Q. We run aluminum extrusions using a chrome treatment conversion coating. We began running aluminum die-cast parts and are seeing small blisters and holes in the coating. How can we stop this?

Q. We run aluminum extrusions using a seven-stage pretreatment system with a chrome treatment conversion coating. We began running aluminum die-cast parts through the same system and are seeing small blisters and holes in the coating. Our coating supplier tells us that it is caused by “outgassing.” How can we stop this?

A. Outgassing is the release of trapped air pockets in the cast material during the cure cycle and it is a problem for many powder coaters, “the curse of the casting.” Castings are porous and the air that is near the surface can expand and blow a small hole in the coating during the melt phase of the cure process, leaving a small, crater-like blemish. 

Powder can be formulated to adjust the flow cycle and make the powder more forgiving when the released air blows up through the molten film. 

You can also look at lower cure temperatures. All powder materials have some flexibility for lower temperatures if you can allow more time. You have some limitations because you are running powder material for AAMA 2605 compliance, presumably fluoropolymers, so some low-temperature formulations may not be suitable. The basic advice is that lower temperature at longer cure cycle times will allow some of the gas to escape without causing a problem.

Some companies preheat the cast material to a temperature exceeding the ultimate cure temperature by around 50°F and then cool and coat. This will drive off some of the trapped air before the cure cycle.
Keep in mind that all of these ideas can help, but there is no guarantee that they will be adequate to give you good parts all day long. They are helpful ideas and will improve the issues without major system changes.

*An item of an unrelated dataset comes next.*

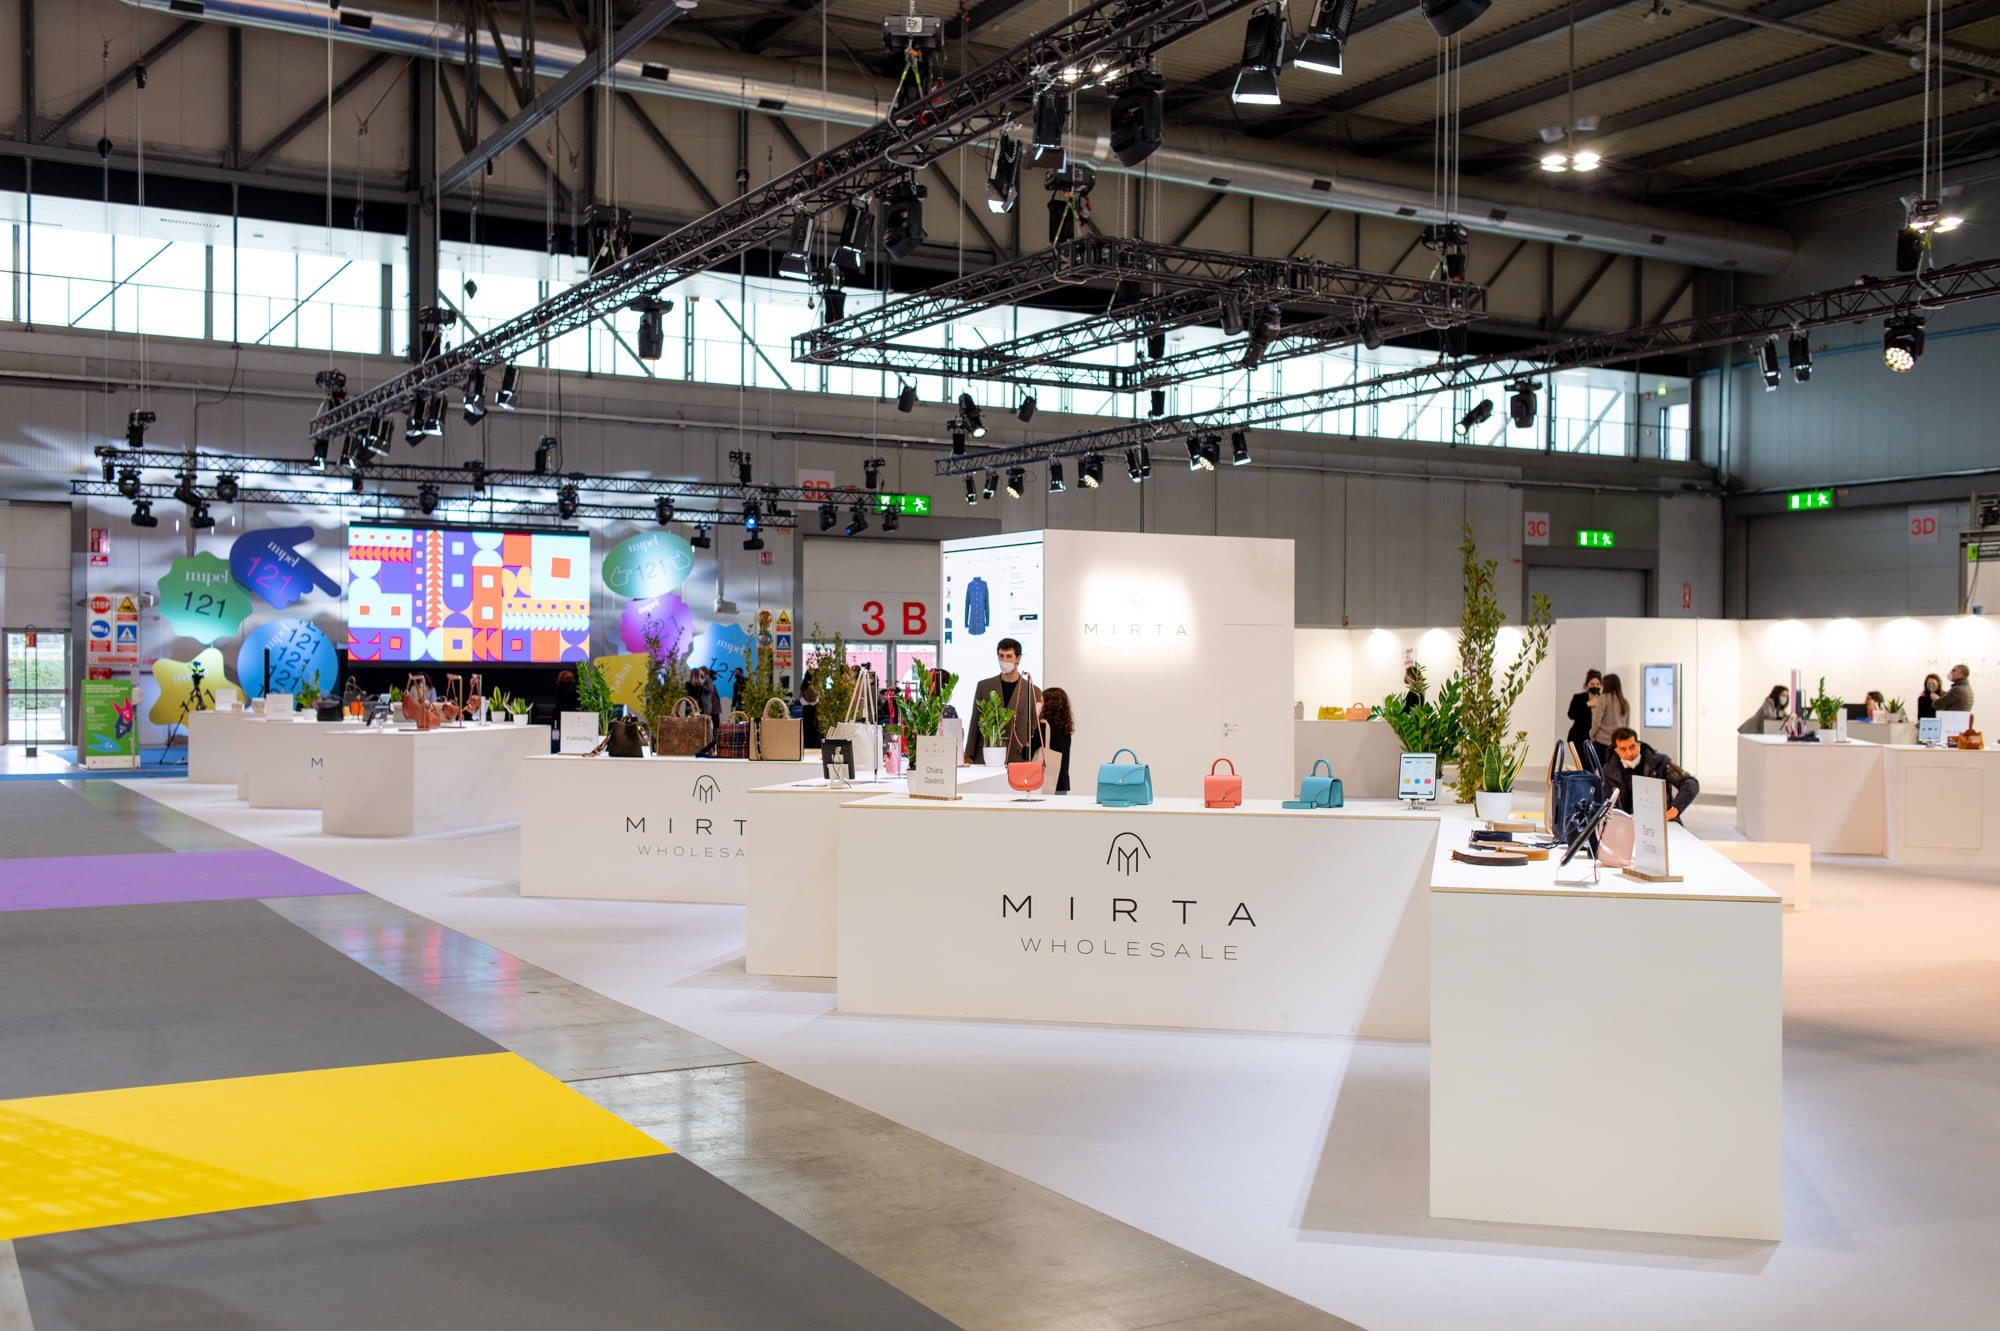 MIPEL THEBAGSHOW ' (Sep 2022), Milano, Italy - Exhibitions

You may want to X-ray some castings. An X-ray will show you just how bad the problem is by highlighting the porosity in the casting. If you have more than one source for castings, you should X-ray them all to compare different die casters and see if one is superior. If they are, you can shift more work to them and you will have less gassing.

If you cannot solve the problem with any of these efforts, you have two options left. You can set up a primer operation and add a powder primer to the process. The gassing will occur during the primer operation but the topcoat will seal over the blemishes, reducing their impact from an appearance perspective and making sure that corrosion cannot start where the film is flawed. 

There is also a process called impregnation. You can hire a service to have them do it for you or you can do it yourself. The casting is placed inside a chamber and exposed to a resin that fills and seals the cast surface prior to coating. This process has been effective for some manufacturers that demand a good surface and sealed part.